Cuarenta y cinco años después, y a escasos metros del viejo puente, están a punto de concluir las obras de uno nuevo, mucho más grande y elevado, concebido para facilitar la navegabilidad por el río Magdalena y, también, el tráfico automotor por la vía a Santa Marta.

El 29 de abril de 2015, durante la firma del contrato para su construcción, el entonces presidente, Juan Manuel Santos, anunció que el viaducto recibiría el nombre de Pumarejo. Pero, como ha constatado este diario, aquel anuncio no se ha traducido hasta la fecha en un acto administrativo o legislativo que así lo disponga.

El presidente Duque, que el viernes sellará protocolariamente en Barranquilla las placas del puente, tiene una oportunidad de oro para subsanar aquella omisión y poner fin a la anomalía histórica que ha supuesto tener un puente con dos nombres: uno, formal, decidido en la distante capital y otro, extraoficial pero más duradero, producto de la rebeldía costeña.

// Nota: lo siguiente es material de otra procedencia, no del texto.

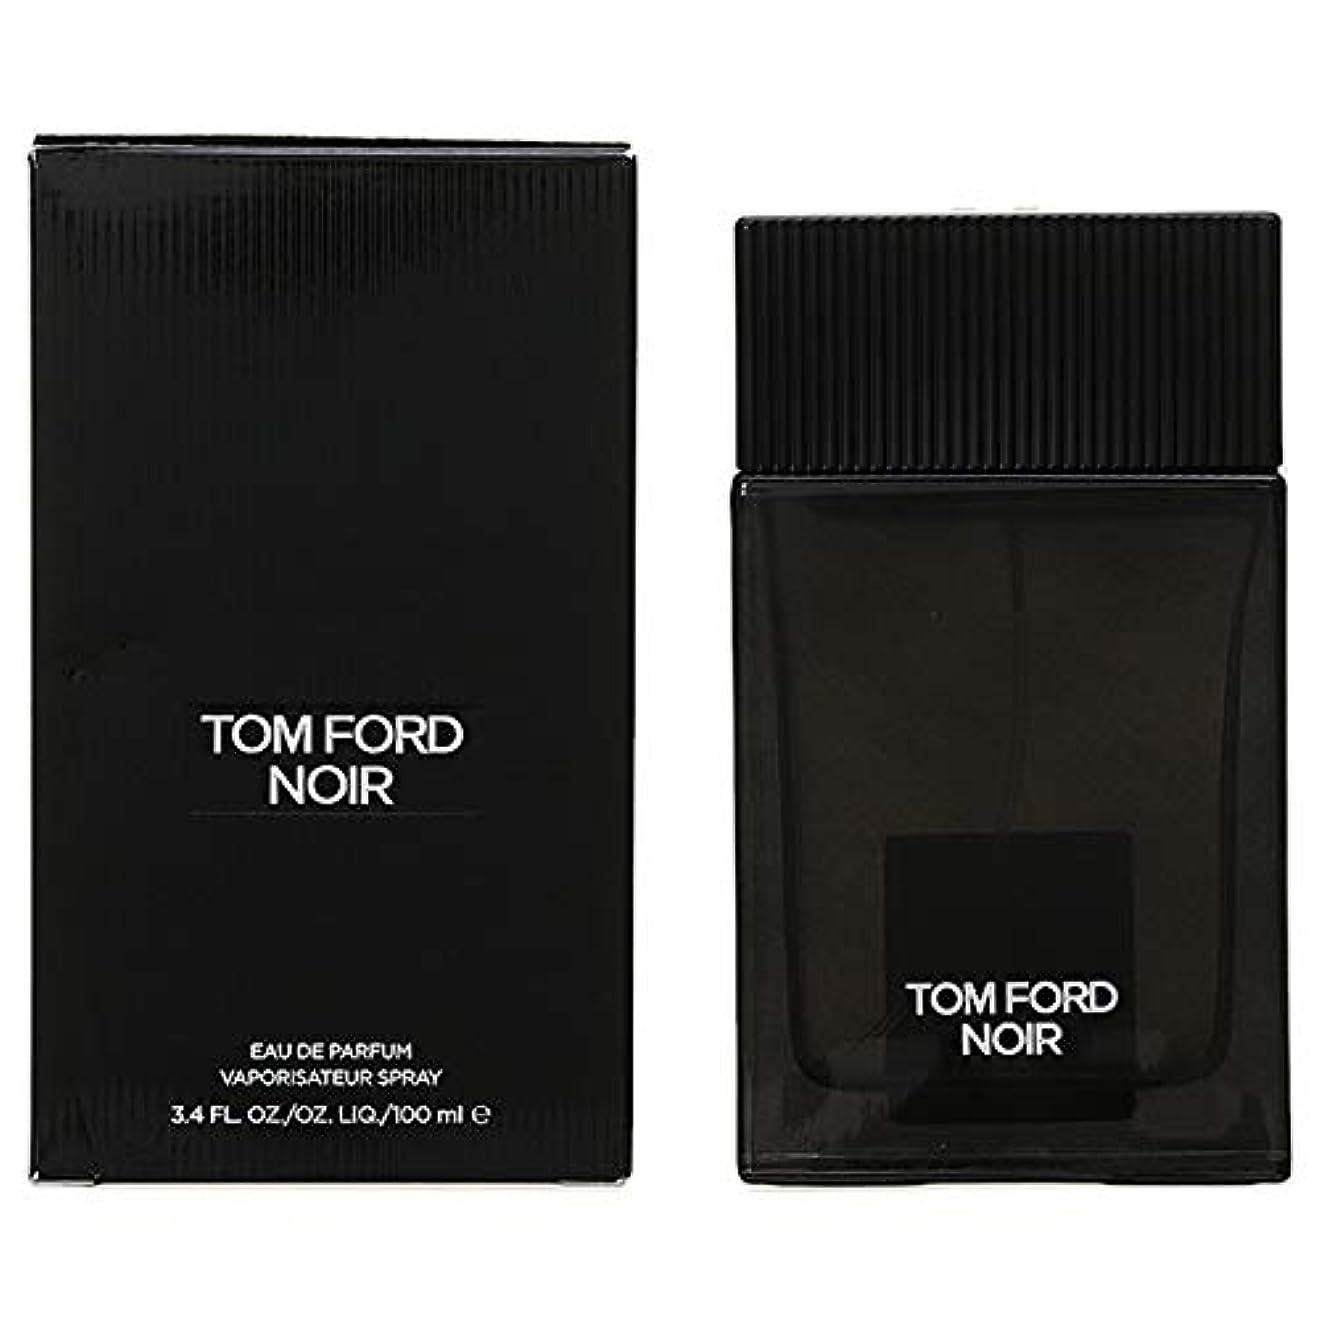 膨張する眠る進化するトム フォード ビューティ TOM FORD BEAUTY ノワール オード パルファム スプレィ EDP 100mL [並行輸入品]

Los tiempos han cambiado. Ya el país no está dividido entre dos grandes partidos, como sucedía desde los días primigenios de la República. No se trata, pues, de plantear reivindicaciones políticas trasnochadas, sino de que se reconozca, con dos generaciones de retraso, que los nombres encierran muchas veces cargas emocionales que son ignoradas por los lejanos aparatos burocráticos que los deciden.

Y qué mejor manera de plasmar ese reconocimiento que poniendo, oficialmente, al nuevo puente el nombre que los barranquilleros y costeños quisieron para el antiguo.

En su visita a Barranquilla, el presidente podría hacer esta pequeña, pero de alto contenido simbólico, reparación histórica.